MUM student offers profound and practical wisdom
by Global Good News staff writer
4 January 2012

The 2012 valedictory address of Patrik Siljestam, a Swedish student at Maharishi University of Management (MUM), was punctuated by frequent bursts of applause from the audience as Patrik shared the depths of his heart as well as profound—and practical—wisdom.

After deeply appreciating his parents for raising him in the Ideal Village in Sweden (a community of people practicing the Transcendental Meditation and TM-Sidhi Programme). Patrik explained what led him to MUM. He said that after high school, he had taken various courses at a Swedish university, but hadn’t felt at home there or inspired or engaged in what he was studying.

So he stopped school and found his real passion traveling to Africa and working there as a volunteer. ‘The people in Africa,’ Patrik related, ‘they were so happy. They were smiling and dancing and singing and laughing.’ He found that pang’ono pang’ono, words used in the country he was visiting, became very meaningful to him. This phrase means taking things slowly, little by little, step by step. Patrik said he feels ‘it allows people to be human instead of always trying to achieve too much.’

The true value of education

At the same time that he valued the joy of the people in Africa and their pang’ono pang’ono approach to life, Patrik realized that the people where he was—in Malawi, one of the poorest countries in the world—were facing great hardship. From this he realized the true value of education. ‘Possessions and money,’ Patrik told the commencement audience, ‘can’t cure poverty. But education can, as illustrated by the saying, give a man a fish and you’ll feed him for one day; teach a man to fish and you’ll feed him for his life.’

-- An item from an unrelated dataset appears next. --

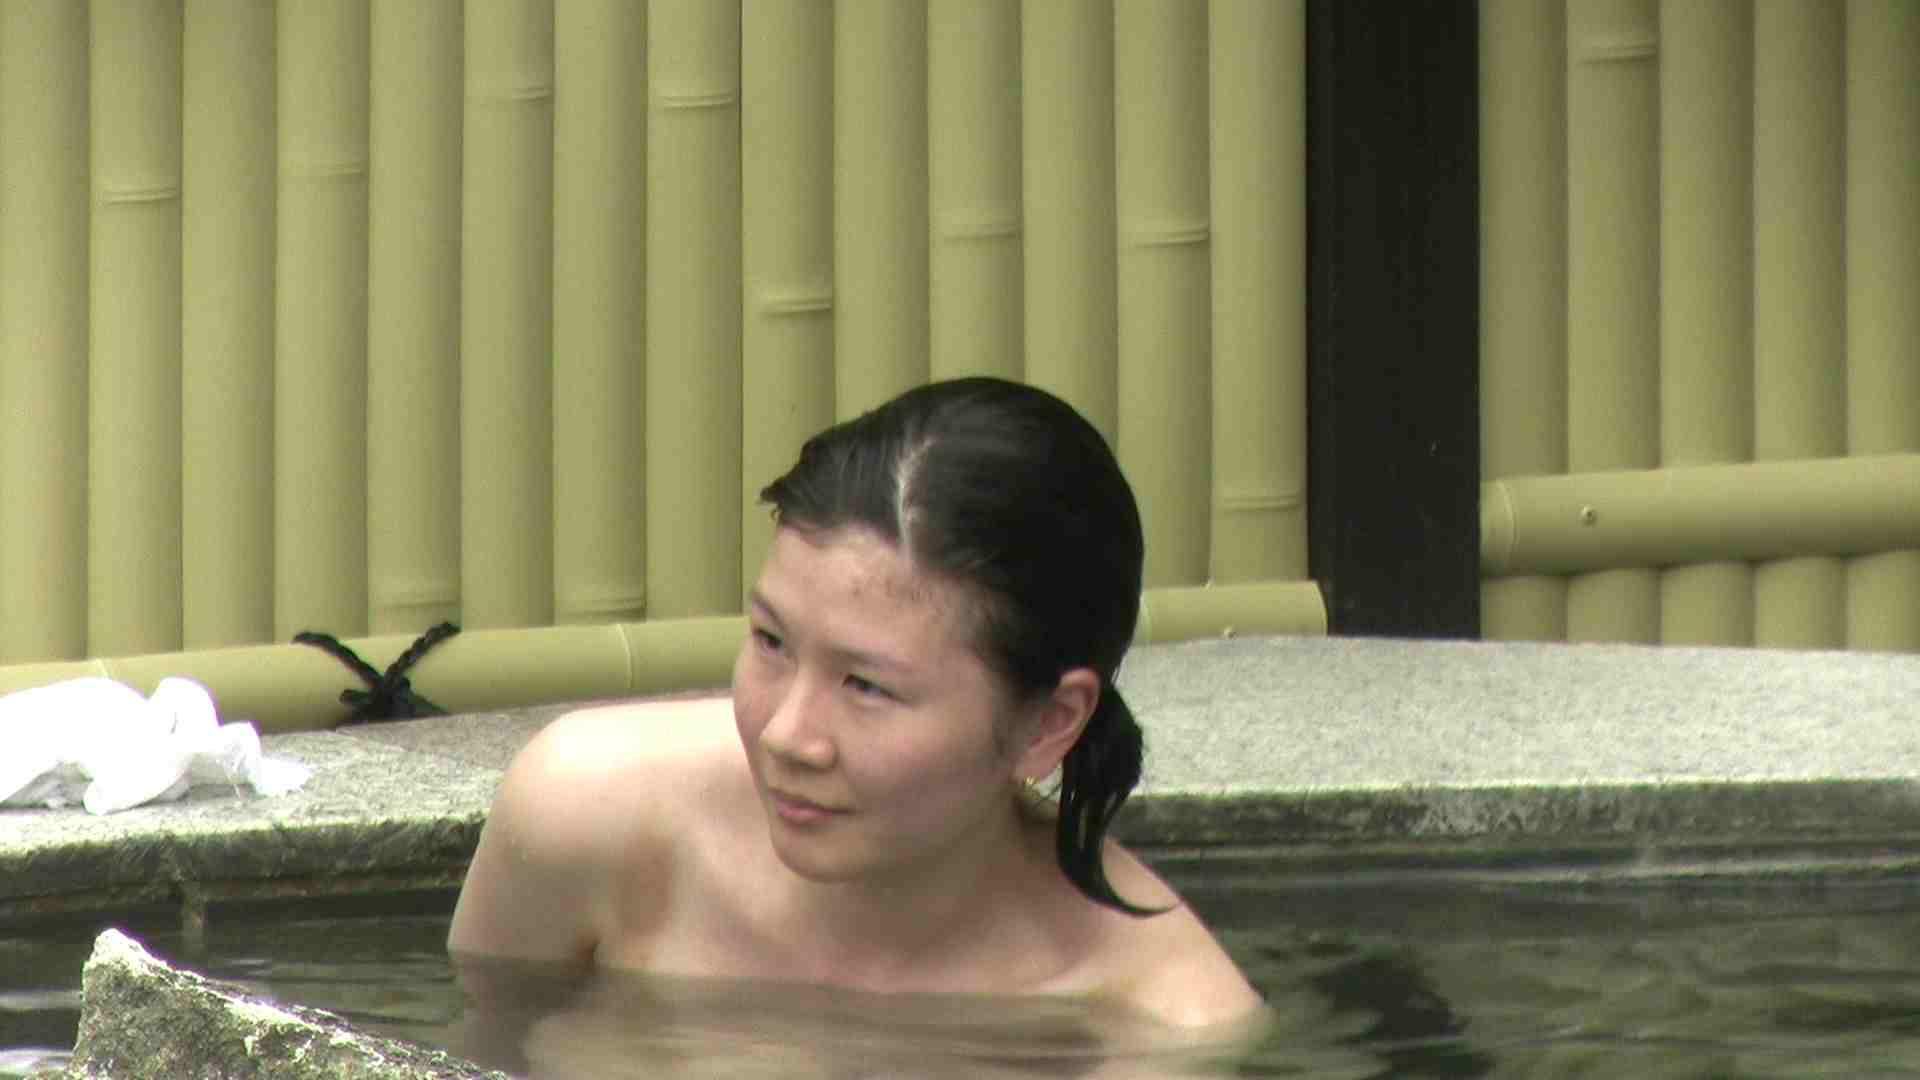 Aquaな露天風呂Vol.187 盗撮映像  99Pix 52

Although Patrik had helped schools in Malawi improve their teaching methods and had even helped construct a building for a pre-school, it became apparent to him that he was providing external help, and that he wasn’t the people from within. ‘I realized,’ Patrik said, ‘that true education not only teaches the students about the world around them but also about their own inner self. I wanted to lead people towards fully knowing themselves and help them find true happiness within.’

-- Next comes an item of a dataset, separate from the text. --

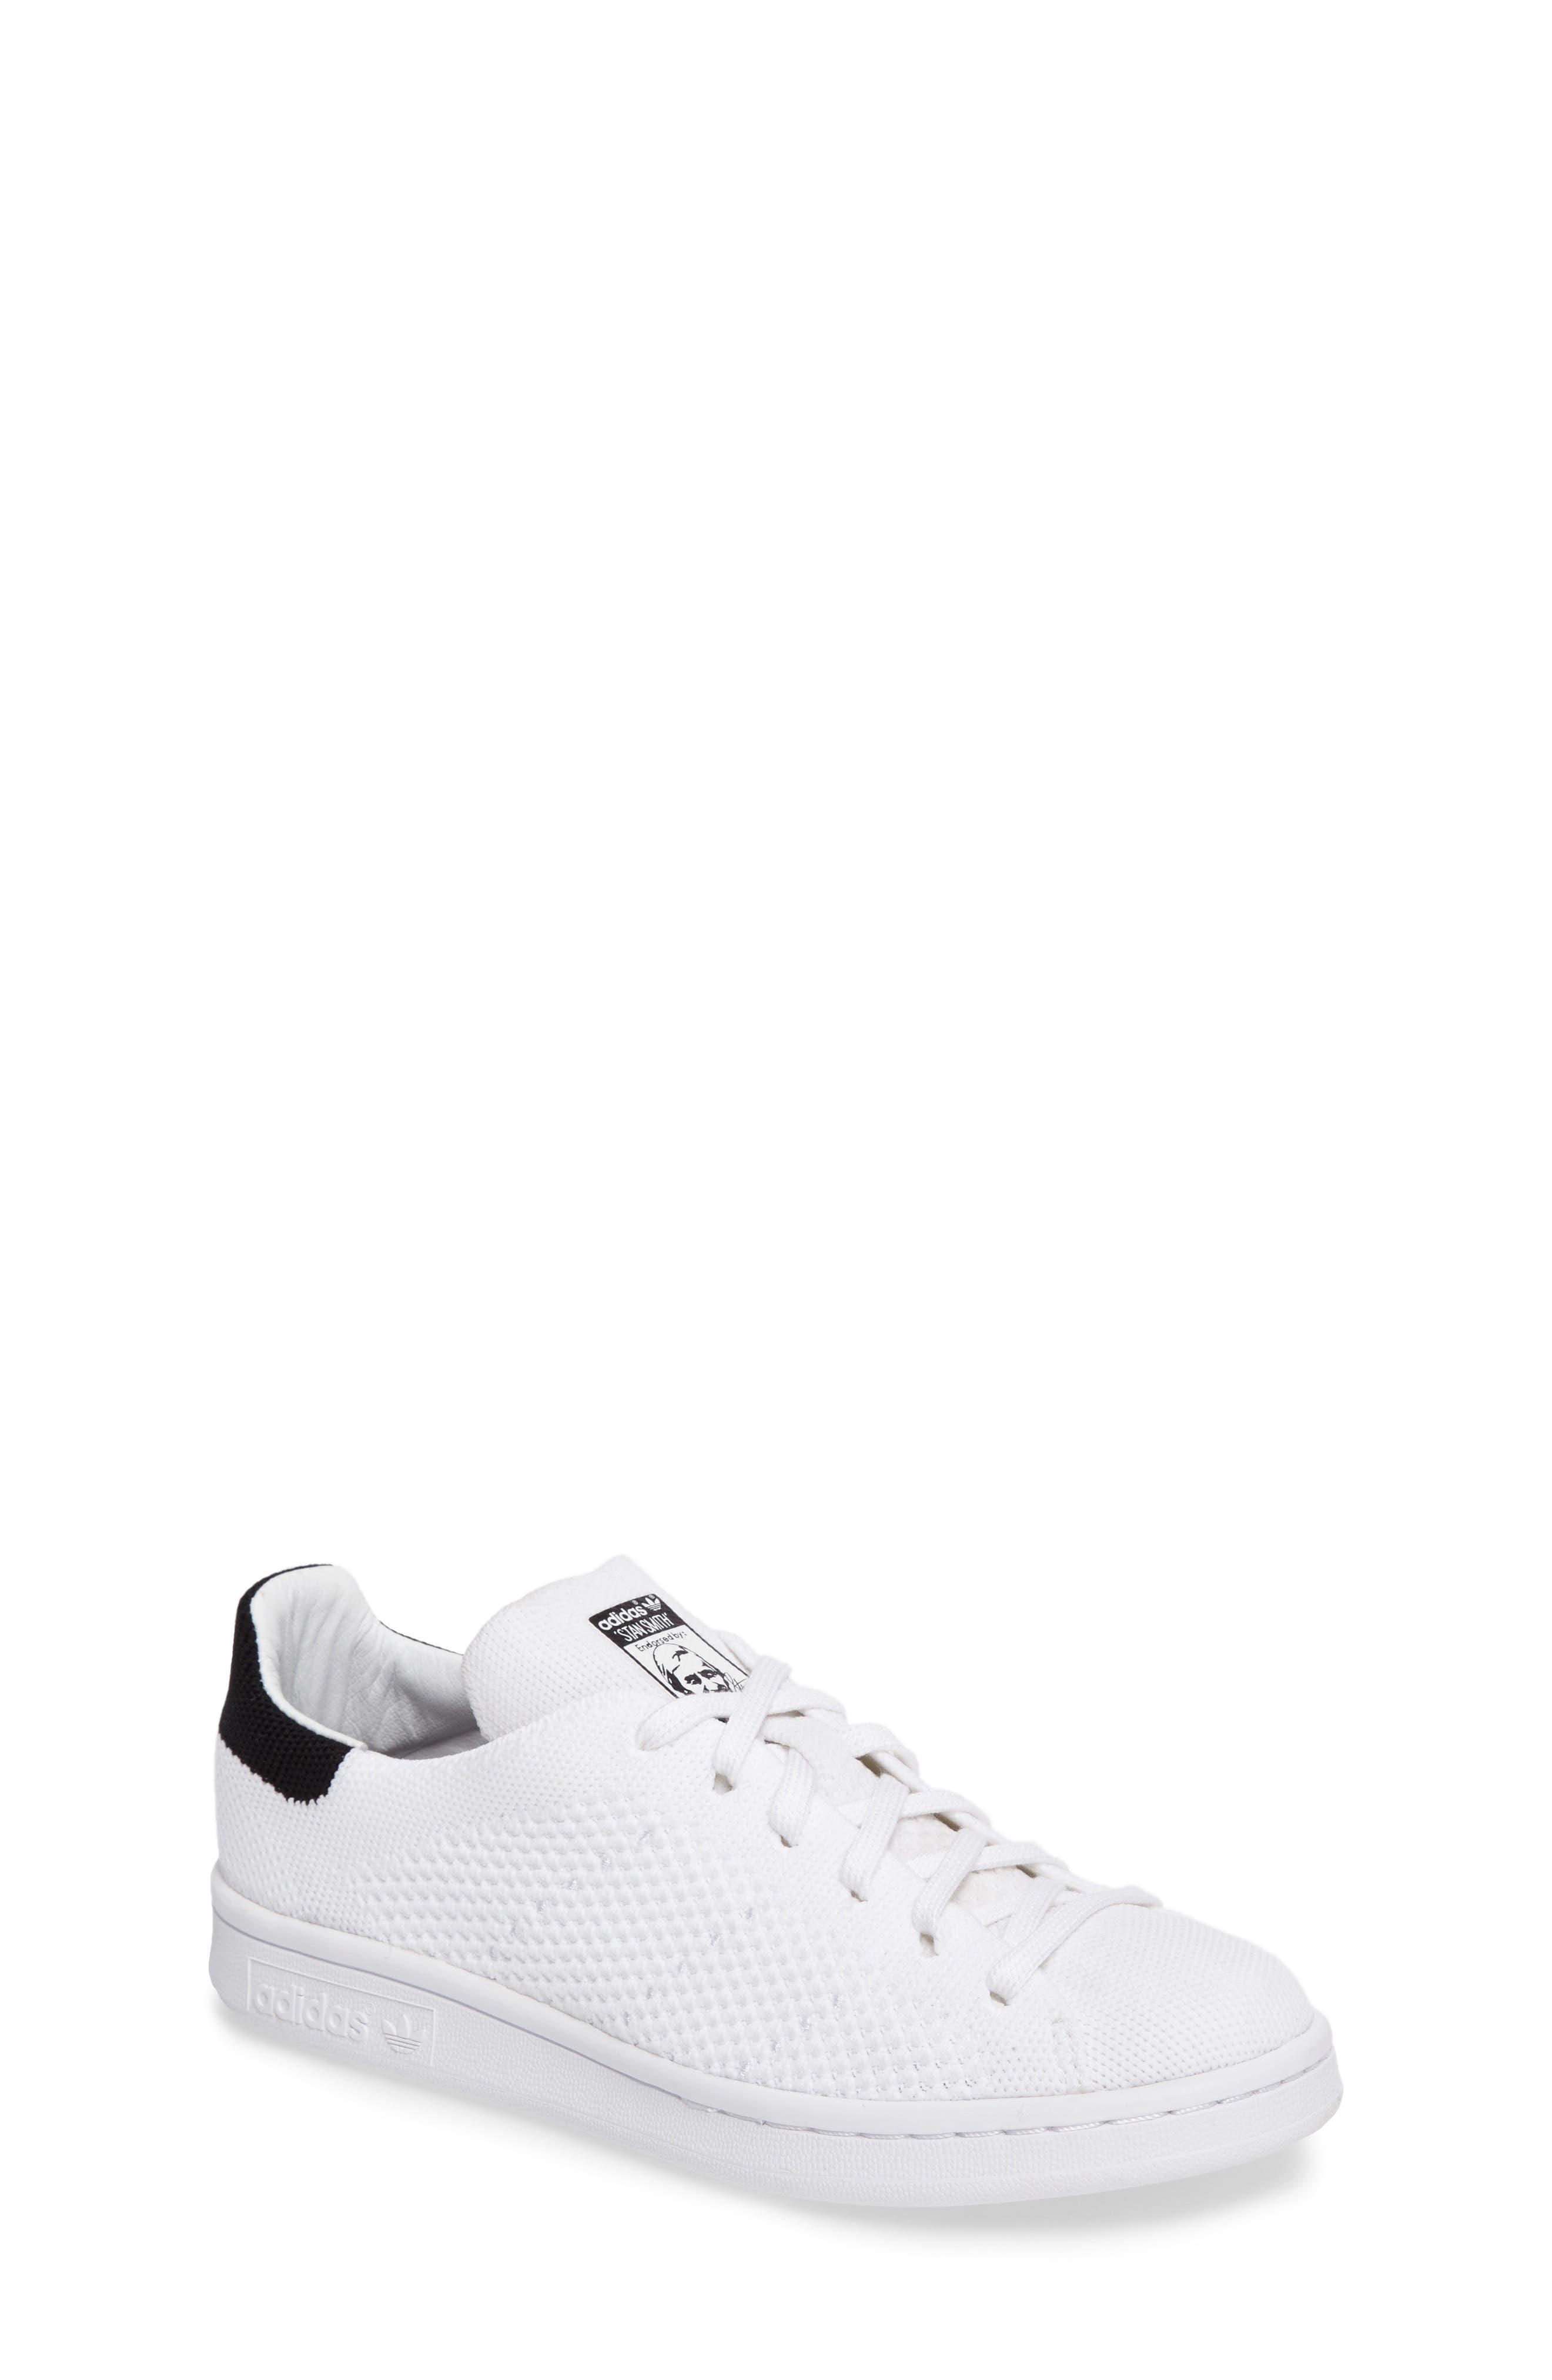 Main Image - adidas Stan Smith Primeknit Sneaker (Big Kid)

Attending a university which supported his high aspiration

With this goal in mind, the young Swedish man, who had learned the Transcendental Meditation technique at his own request when he was only five years old, decided to attend Maharishi University of Management where everyone—students, teachers and staff—enjoy this practice for unfolding their full potential.

Patrik expressed his thinking in choosing to go to this university by saying, ‘I decided that I wanted to come here to MUM and study because there was no other university in the whole world, according to me, that could support this aspiration of mine’—to help people find inner knowledge and happiness. ‘And I knew I would feel at home here and connect to people from a deeper level,’ he added.

The valedictorian appreciated every aspect of the university and expressed that he feels it to be an evolving learning-organization where teachers, as well as students, learn. He said that although when he looked at things over the short term he may not have noticed big changes, he realized that changes happen bit by bit—pang’ono pang’ono—and that he had seen significant evolution of MUM during his three years there.

Patrik found the most important part of MUM to be his fellow students, ‘because we are the reason MUM exists.’ He sees students at this university as possessing three particularly noteworthy characteristics.

First, they possess a strong sense of individuality, each student knowing that he is a unique expression of life. Patrik expressed that each student feels that the individual is cosmic, values his own thoughts, experiences, and opinions, and believes in the divinity of human existence.

Second, MUM students are continuously asking questions in their pursuit of knowledge.

Third, and of greatest significance for Patrik, the students at MUM have a strong sense of inner knowing. ‘We ask questions not because we are ignorant, but because we know the answer deep inside of us, and we want to manifest that answer into the world.’ In this context, Patrik told the audience, ‘I want you all to remember this: that the unbounded ocean of pure knowledge exists within you.’

A tool for greatness

Patrik’s direct experience of this ocean of pure knowledge within grew when he learned the TM-Sidhi Programme. Although he was in no hurry to enroll in the course—pang’ono pang’ono—despite encouragement from others when he first arrived at MUM, after a little more than a year at the university, he decided of his own accord to take it. He told those gathered at graduation that it was the most significant course he had taken at MUM and explained what was so special about it.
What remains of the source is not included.